Les « précurseurs » en question, choisis parmi d’autres, sont trois hommes. Un potier de Bagdad un peu alchimiste, qui jouait vers 800 (ap.J.C.) avec le feu, à transformer du cuivre ou de l’argent en or. Un facétieux cordonnier de Bologne, qui exhibait vers 1600 une « éponge de lumière ». Et ce qu’il est convenu d’appeler à Paris un « savant » qui jouait, vers 1660, avec des diamants.
Ce faisant, tous trois vécurent dangereusement en regard des règles de leur temps, religieuses surtout. Ils sont connus des historiens des sciences, en raison de leur sens de l’observation et de leur goût pour l’expérimentation. Ce que l’on n’a pas suffisamment souligné, ou simplement perçu, c’est l’extrême modernité de leur démarche. Celle du « savant » par exemple. Bien qu’il ne disposât d’aucun des concepts et acquis de la Physique actuelle, il fit preuve d’une géniale intuition dans l’interprétation d’un étrange phénomène.
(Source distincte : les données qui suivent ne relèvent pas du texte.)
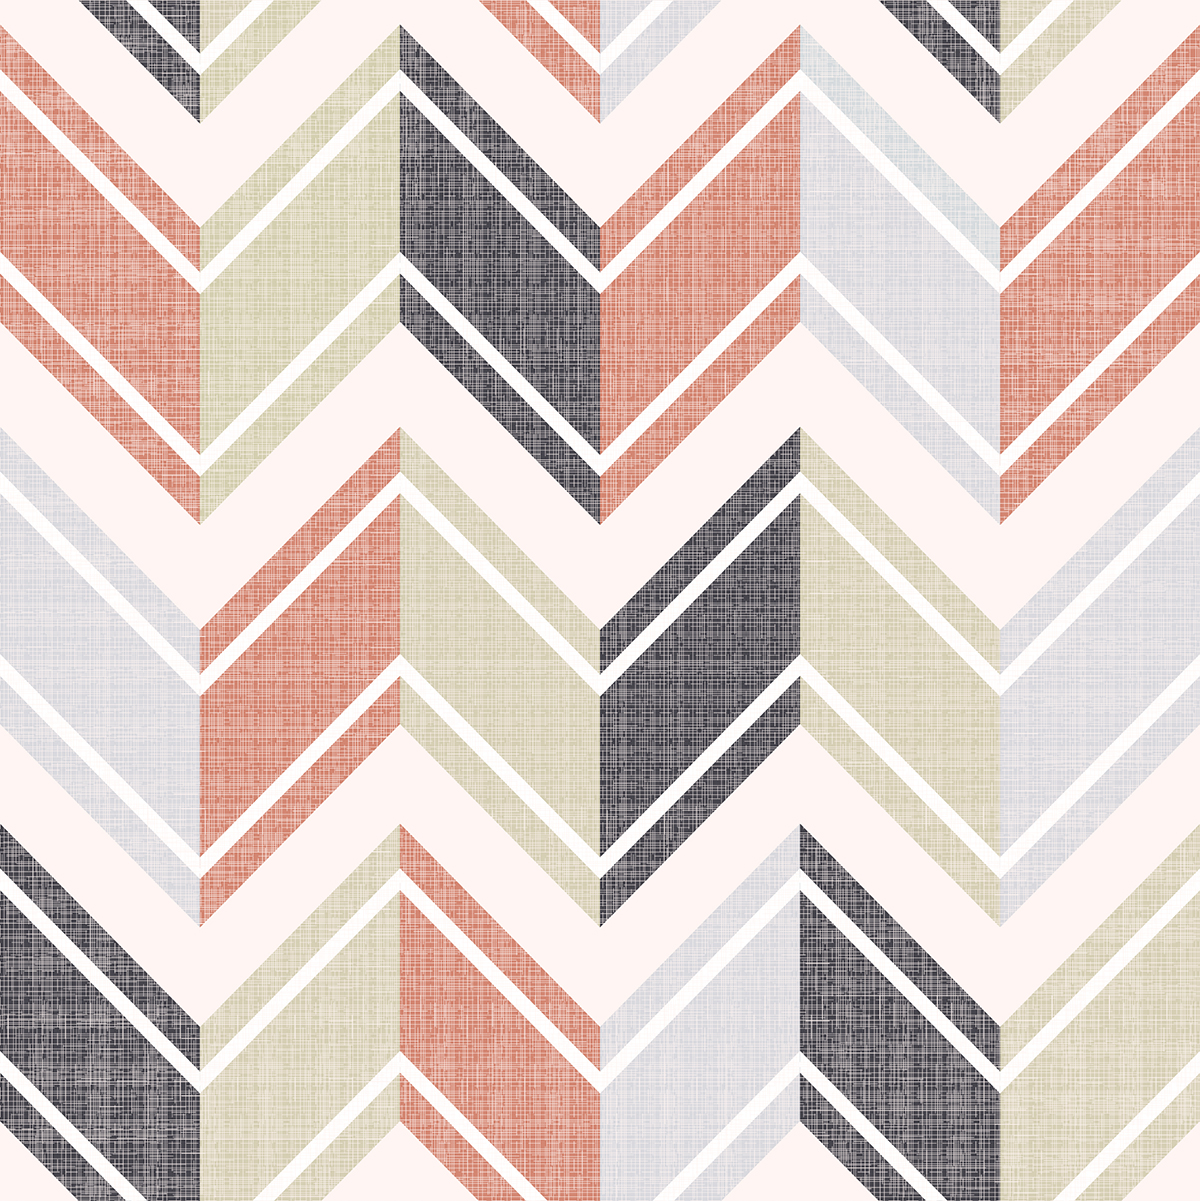 A fabric with zigzag lines

Son propos renvoie en effet de manière troublante à rien de moins que la Physique quantique... Le « dialogue », émouvant et imprévu, établi avec chacun d’eux a consisté à reprendre et prolonger leurs travaux, notamment en « s’approchant » de Bagdad, en voyageant à Bologne et en étudiant des diamants afin de recréer l’étrange phénomène remarqué… Ce long cheminement à leur côté amène à considérer que leur sagacité fut extrême. D’une certaine manière, on peut les inscrire parmi les précurseurs du temps des Lumières et au-delà, de l’émergence de la Physique moderne, aux XlXe et XXe siècle.
Max SCHVOERER
Membre de l’Académie Européenne des Sciences et des Arts (Salzburg, Austria)
Président de l’association "Sciences et Patrimoine (PACT)"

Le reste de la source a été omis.